Saturday, September 7, 2019

Cincinnati

The City of Cincinnati is part of a network of cities laid out along the big rivers of the Midwest and South in the early parts of the 19th century.  Louisville and St. Louis are also in this group.  These days, when the East Coast struggles to distinguish the various parts of Middle America from one another, these cities tend to get lumped in with the rest of their states in the national mind.  But the river folk who established these cities were often of very different mettle than the Baptists, Methodists, and Calvinists living on farms and in villages throughout Ohio, Kentucky, and Missouri.  The river folk created their own society -- very different from that of both your typical small town, and your big cities of the East Coast.  They were a raffish, shiny, braggadocious sort of people -- tough, and shrewd, and very good at making money and playing games.  Pete Rose, who grew up in Cincinnati (where he attended Western Hill High School) is a good representative of this type.

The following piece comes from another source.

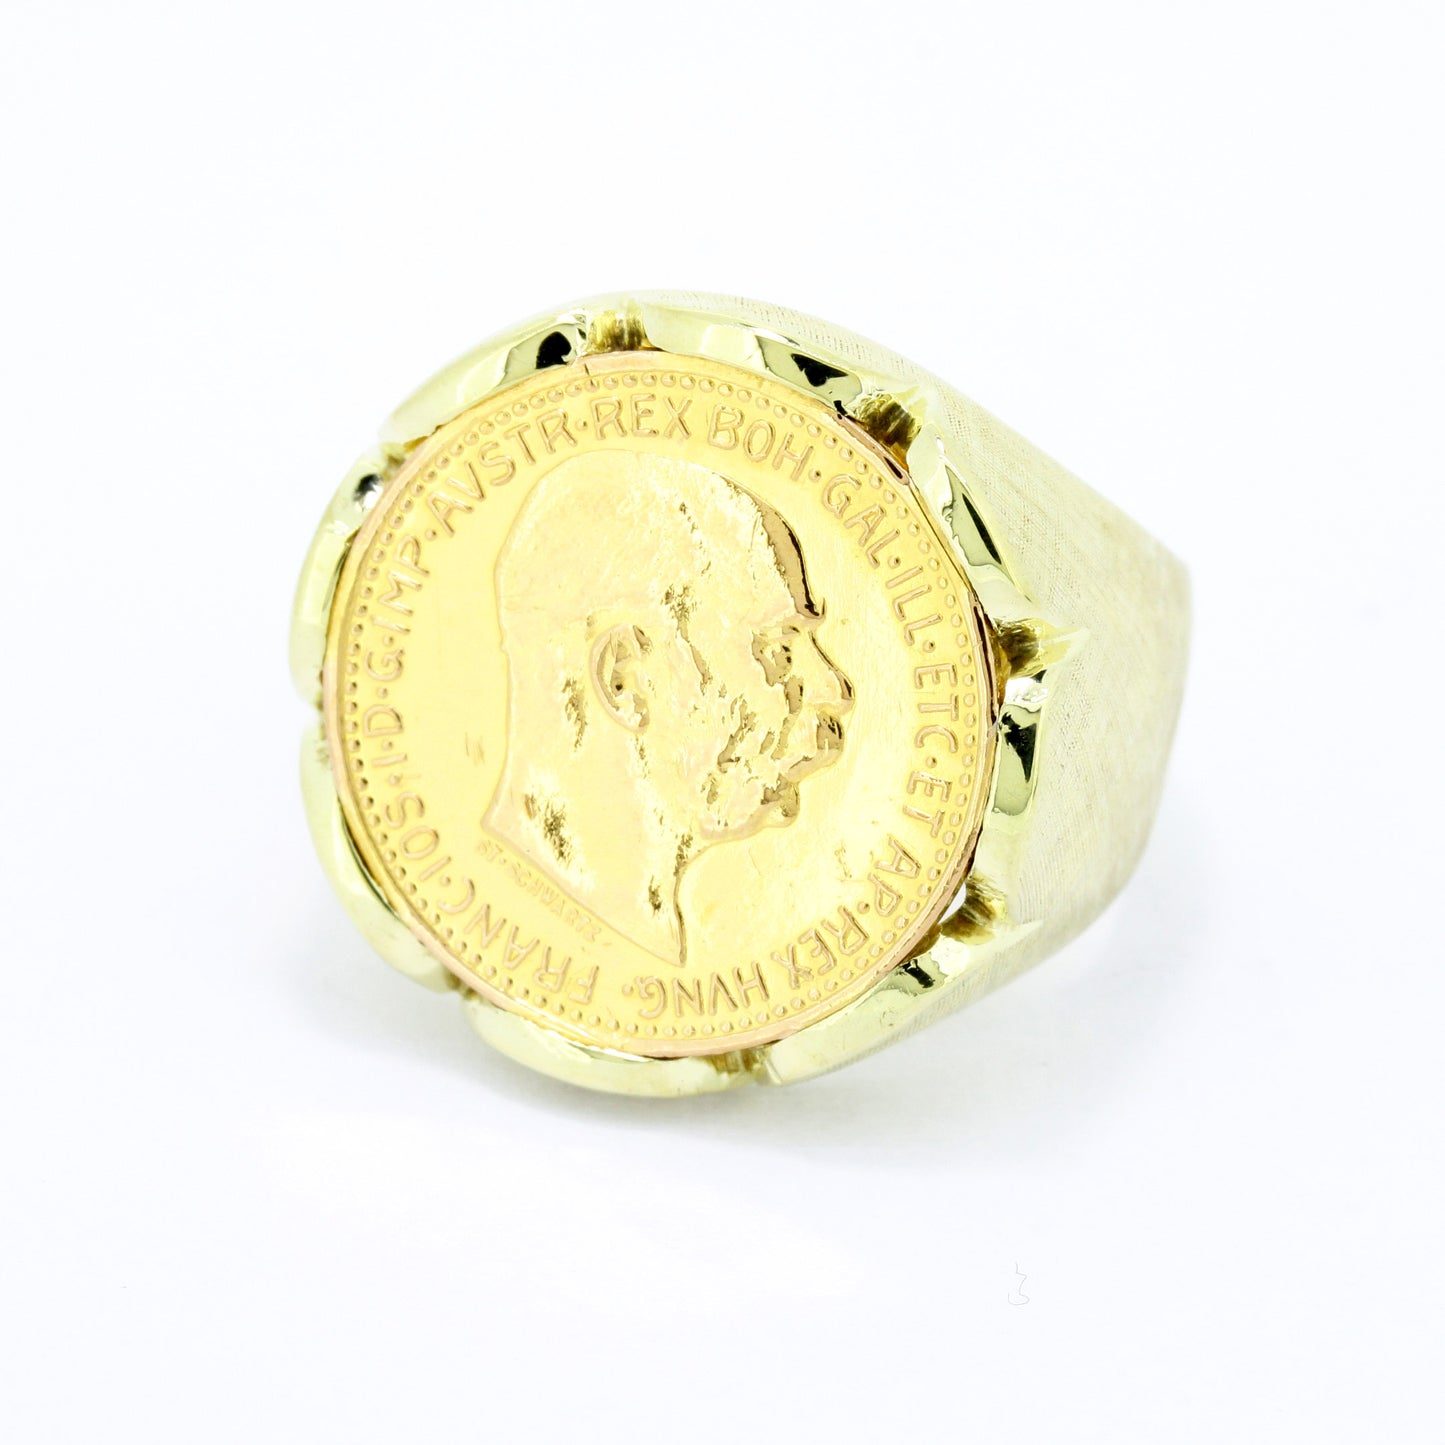 Goldmünze Ring 585 10-Kronen Münze (900) aus Österreich Wert 1640,-

These cities had their own universities -- separate from the lordly and vast institutions that took the names of their states, and created the big conferences that came to dominate college football.  But those universities were historically excluded from the inner sanctums of the game.  Instead, they wandered like nomads from conference to conference, mostly playing against their own kind.

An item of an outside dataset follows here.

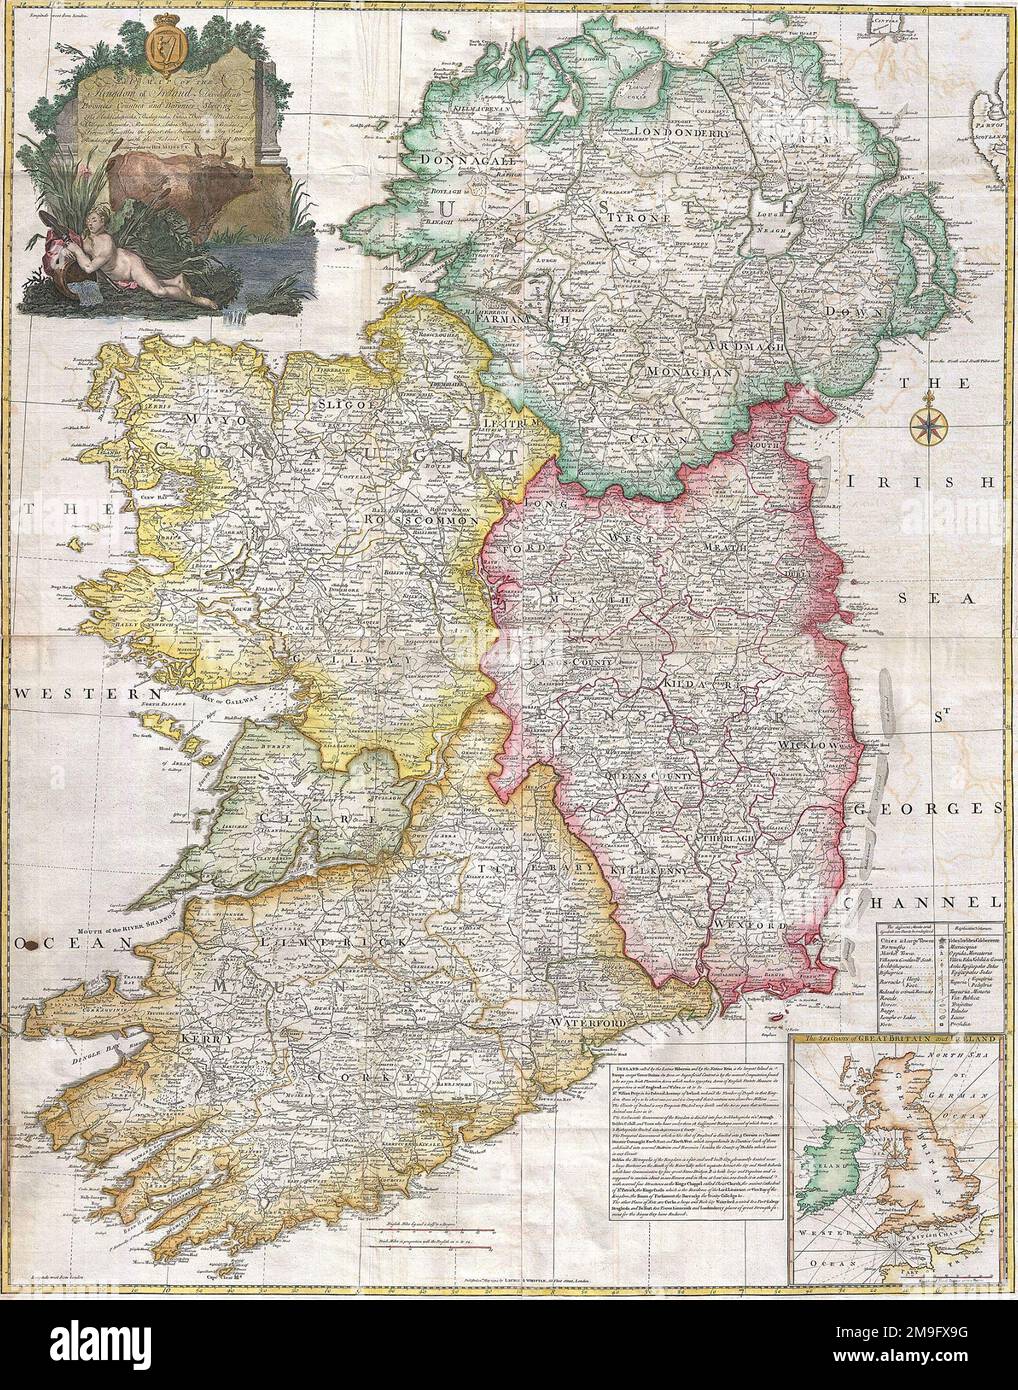 IRLANDE carte par le cartographe français Jean Rocque 1794 Banque D'Images

For example, since World War II the University of Cincinnati has competed in the Mid-American Conference, the Missouri Valley Conference, Conference-USA, the Big East, and it now plays in the American Athletic Conference.  It also spent much of this time -- including every season from 1970 to 1995 -- as an independent.  That's a tough way to build a football program, and so Cincinnati has always been on the outskirts of Big-Time Football.

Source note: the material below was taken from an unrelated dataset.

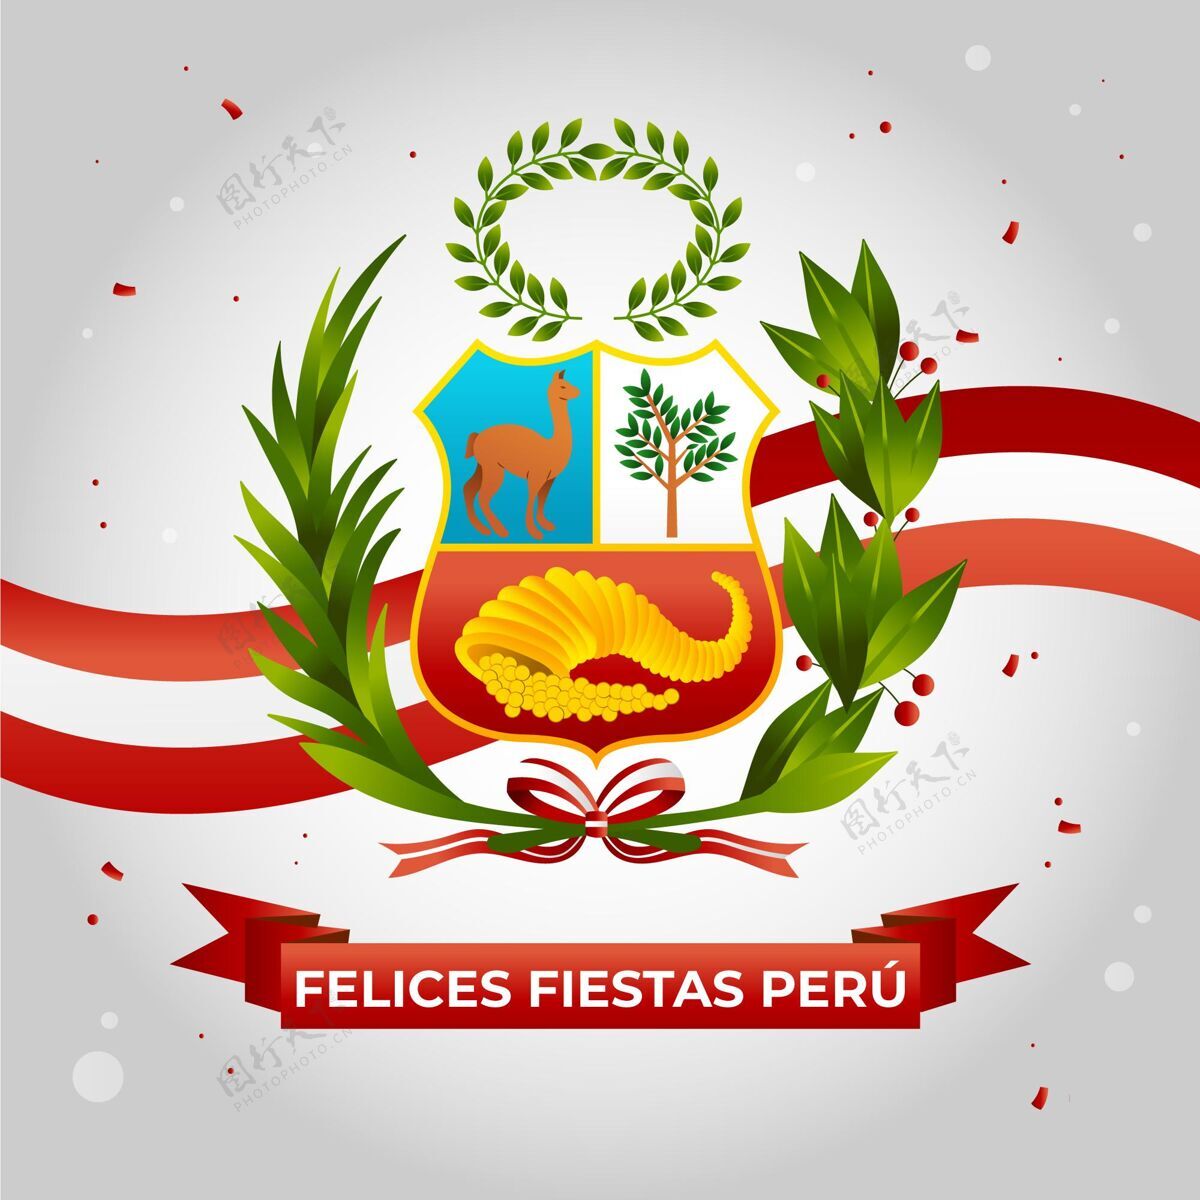 庆祝梯度节帕特里亚斯秘鲁插画事件纪念梯度

But things have trended upward in recent years.  The never-ending demand for football on TV has made it easier for schools like Cincinnati to make money and grow their fanbase.  As of 1996, the Bearcats had only ever appeared in three bowl games -- the last of which had been in 1951.  Since then, Cincinnati has gone to 15 bowl games -- including the 2009 Orange Bowl and the 2010 Sugar Bowl.  In fall of 2009, UC went undefeated in the regular season, dominating the Big East Conference and getting all the way up to number 5 in the AP Poll.   Before the Sugar Bowl, however, Coach Brian Kelly announced he was leaving for Notre Dame, and the Bearcats haven't reached that same level since.  They have remained very competitive, though, and last week they beat UCLA.  So it will be interesting to see how they do against OSU.